The poems expose familiar diasporic themes such as longing for home, missing family and friends, ambition to provide for better opportunities, and expression of gratitude to the host country. The winner of the adult category of the 2016 competition, Tushar Mahmud Mithun from Bangladesh, compares his life as a migrant worker to a caged bird, longing to be free to return home:
I know that you are not keeping well,
Caged and with stifled breath,
Bird, you come back home. (Premanathan and Han See 69)
They also mourn for the loss of their near and dear ones, while being far away from home.
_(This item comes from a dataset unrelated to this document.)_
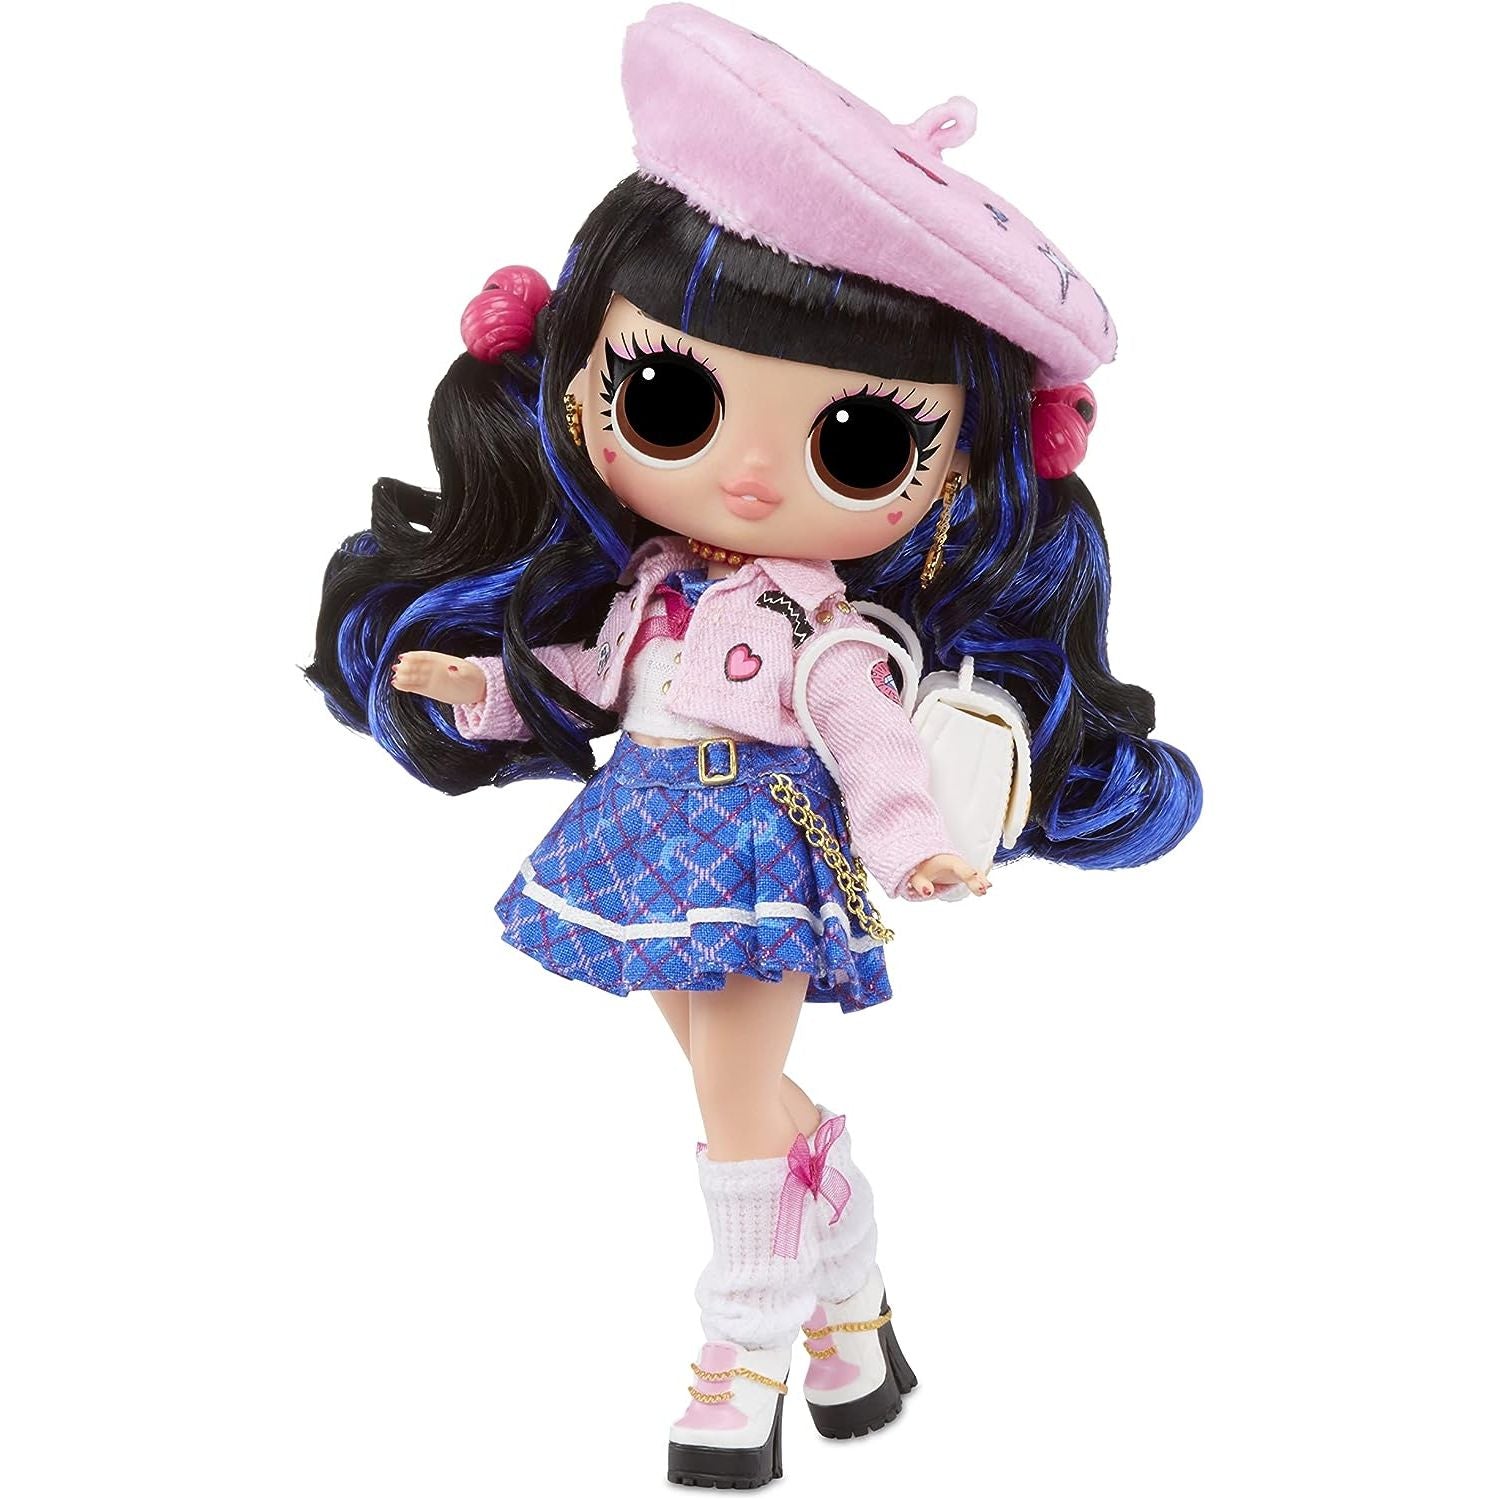 L.O.L. Surprise! Tweens Series 2 Fashion Doll Aya Cherry with 15 Surprises Including Pink Outfit and Accessories for Fashion Toy Girls

On receiving the news of the death of his mother in Bangladesh, Ferari Murad grieves for her, while being alone in Malaysia:
Mother, I know you won’t read this letter.
You won’t float in salty tears
After thinking about me.
You are now faraway.
A place where the sun and the moon cross each other.
Still, I remember you, mother.
So many memories
And your face
Come to me in my sleep. (Premanathan and Han See 5)
Alika Nor Kholifa, who won second place in the Cooler Lumpur Migrant Poetry competition 2015, renews her vows to her loved ones at home of making her migrant worker’s life a success on the first anniversary of her arrival in Kuala Lumpur:
It is heavy to wave a goodbye …
Departure became difficult
Poverty separated us …
I am not defeated
You need not feel guilty
I have yet to grasp the success of the world
But it doesn’t mean I do not have a future.
We are poor
But it won’t stop the light of faith from shinning and strengthening us. (Premanathan and Han See 18-19)
Another Indonesian in Malaysia, Wawan Sugianto, recalls his days of endless struggles both at home and away, yet he offers his gratitude to the country which has provided him with the means of sustaining an honest living:
I’m too tired to make a living
Caught in the unrelenting traffic in Jakarta
My joints are falling apart
Life is a struggle …
Here, I am dependent
I struggle to earn a living
I continue living this life
We bemoan, and we cry, and we mourn the troubles we face here at home …
Thank you, Malaysia
Because of you, my brother can still go to school
Because of you, the fire in our kitchen is still burning. (Premanathan and Han See 24-25)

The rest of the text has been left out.